The congress is expected to pick a new party secretary -- the highest official in the rich province -- next week.
It is the first time in the 81-year history of the party that private entrepreneurs have been selected as provincial congress delegates.
Among the delegates is Liu Zhaoxi, whose company in the eastern Guangdong city of Shantou has assets of more than 2 billion yuan.
There are also representatives from joint ventures and from the professionals.
A long-time cadre in Guangdong said the incumbent party secretary Li Changchun, wanted to set an example in giving businessmen a higher profile in the party.
Li's mentor, President Jiang Zemin, stirred up a big controversy last July when he announced that the party was ready to recruit non-state entrepreneurs as members.
Constitution
Jiang has also made it clear he wants to amend the party constitution at the upcoming 16th party congress to enshrine the political rights of the "new classes" of non-state entrepreneurs and professionals.
The party secretary of Beijing Jia Qinglin, another Jiang croney, has also been active in granting a new deal for businessmen.
Jia, who was re-elected Beijing party boss last Wednesday, said more than 90 private businessmen in the city had made an application to join the party.
Official media quoted Jia as saying businessmen with "satisfactory performance" who had passed the scrutiny of party authorities would become party members.

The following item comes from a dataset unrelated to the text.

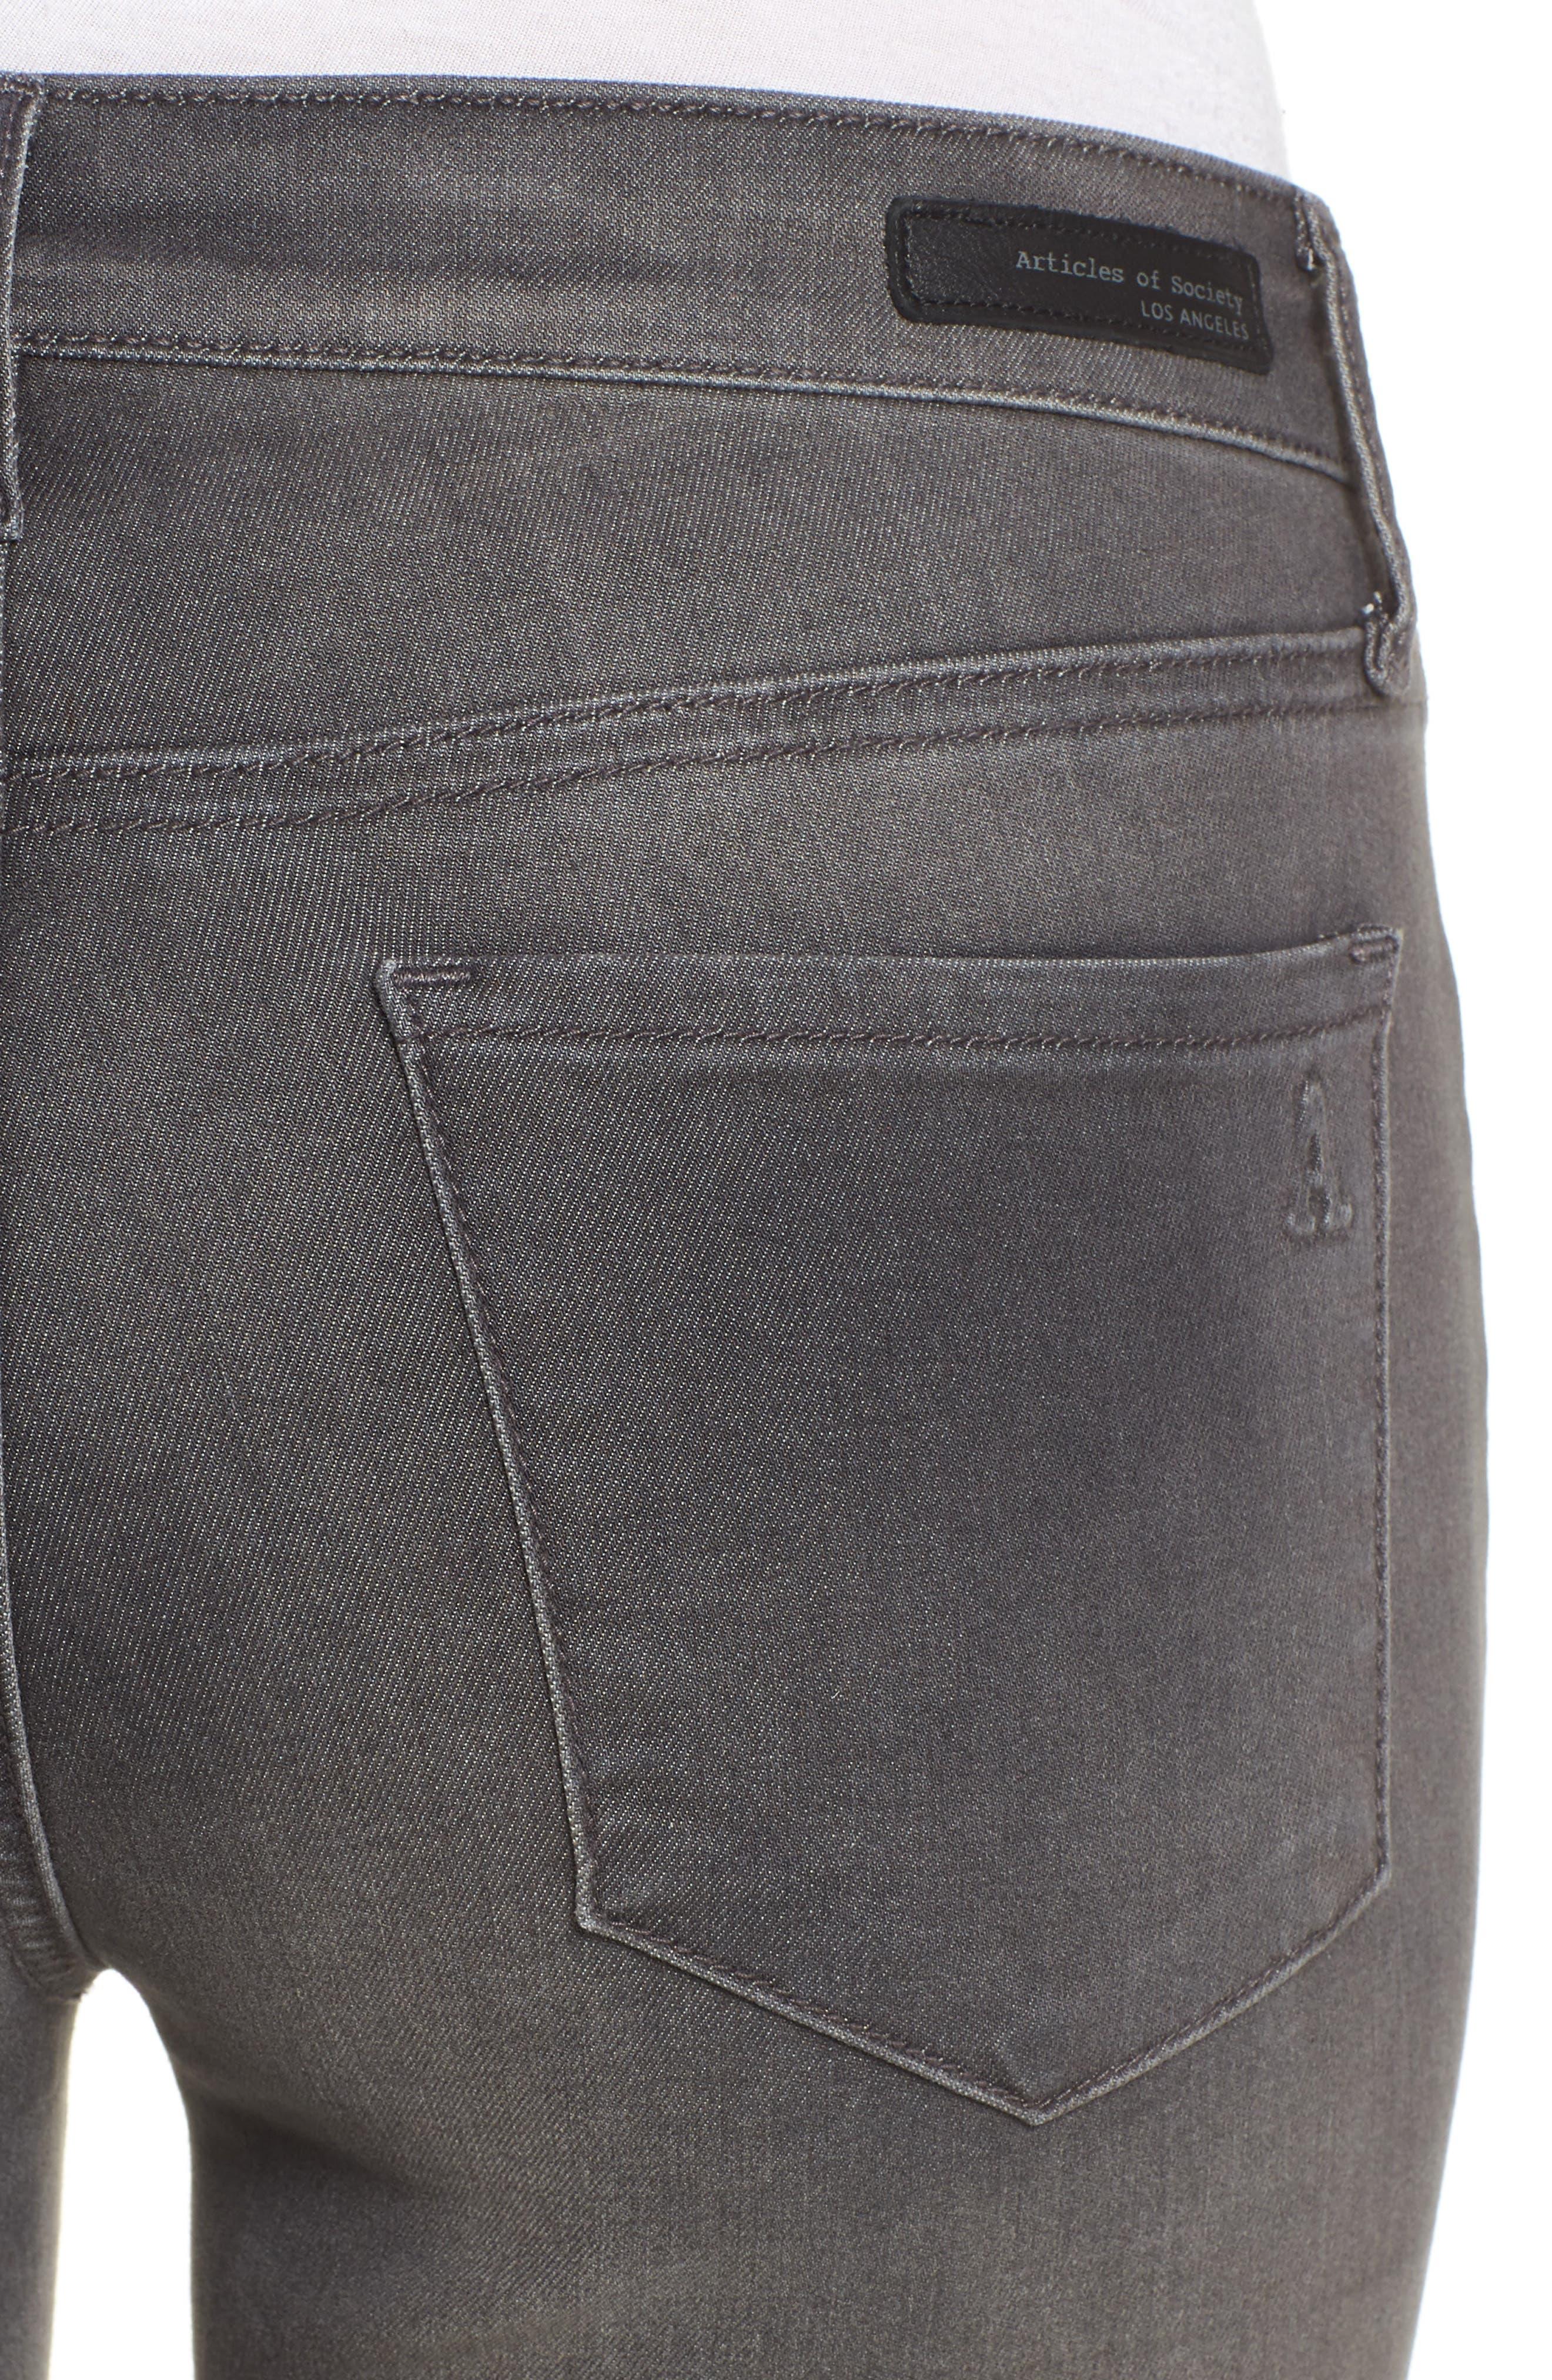 Alternate Image 4  - Articles of Society Sarah Skinny Jeans

Diplomatic analysts in Beijing said, however, that leftists, or ultra-conservatives, were pulling out the stops to prevent a constitutional revision to favor what they regard as the "exploiting classes."
The analysts said the leftists were drafting their own set of criteria for admission to the party, which they would publicize by the time of the 16th congress.
Apart from opposing the recruitment of private businessmen, the conservatives would sound a warning against promoting party cadres who are "sympathetic to the ideals of social democratic parties."
Leftists have accused leaders including Jiang and Vice-President Hu Jintao of trying to turn the party into a Western-style social democratic party.
Intellectuals close to the Jiang camp say the president will retaliate by issuing a tough warning against the resurgence of leftism when he addresses the Congress.
They say Jiang is expected to revive the instruction given by late patriarch Deng Xiaoping in the early 1990s, that the main task of the party is to fight leftism.